Das Kaffeewasser wird frei aus einem externen Behälter angesaugt. Da das System transportabel sein muss, kam ein Festwasseranschluss nicht in Frage.

An dieser Stelle ein kleiner Exkurs zur Wirkungsweise des Kaffee-PC-Automaten. Da das System über keinen Festwasseranschluss verfügt, wird Wasser aus einem externen Behälter von einer Pumpe frei angesaugt. Der Druck steigt damit maximal auf 5 Bar an, wie es auch anschaulich im Video zu sehen ist. Bei der Verwendung eines Festwasseranschlusses sind durchaus 10 Bar denkbar. Auch der Einsatz von dünneren Schläuchen bringt einen höheren Druck. Das Wasser kann im Kessel bis auf 96 Grad Celsius erwärmt werden - allerdings sind Temperaturen zwischen 80 und 84 Grad optimal für den Brühvorgang. Bei höherer Temperatur, was technisch gar kein Problem darstellt, verbrennt der Kaffee und schmeckt bitter. Gleichzeitig erfolgt für jede Tassen-Portion ein Mahlvorgang der Bohnen, die aus dem Vorratsbehälter bezogen werden. Nach dem Zusammenpressen des Kaffeepulvers wird das unter Druck stehende Wasser in die Brüheinheit geleitet, so dass der fertige Kaffee ausfließen kann.

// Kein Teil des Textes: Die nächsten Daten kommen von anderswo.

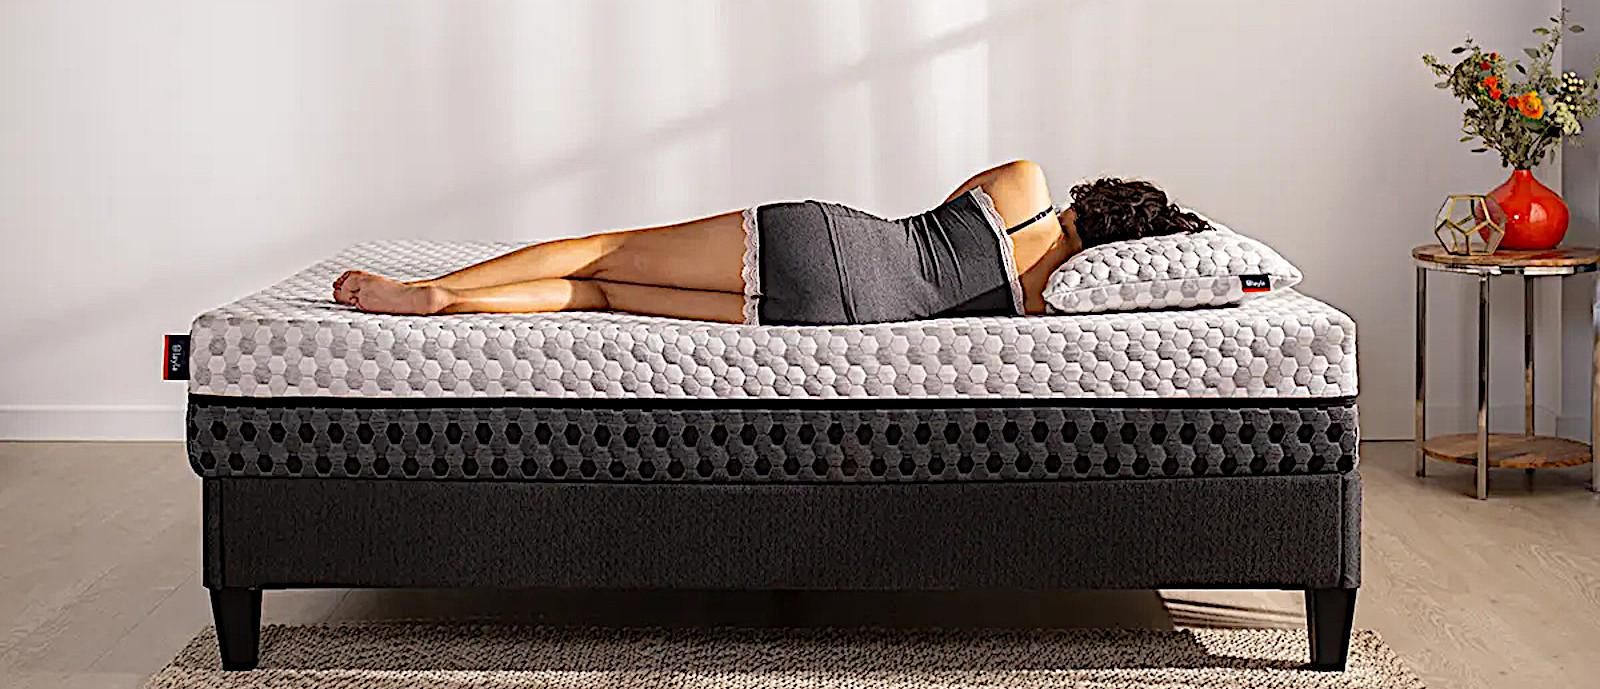 Great platform bed

Während des Brühens ermittelten wir eine Leistungsaufnahme von knapp 3.000 Watt, so dass die elektrische Absicherung grenzwertig war.

Das System von René G. ist so konfiguriert, dass sich acht verschiedene Produkte frei programmieren lassen. Justierbar sind dabei Kaffeemenge, Wassermenge, Anpressdruck und Vorbrühen durch Anfeuchtung des Kaffees.

Dort wo sich sonst die Laufwerksschächte befinden ist der Behälter für den Kaffeesatz untergebracht.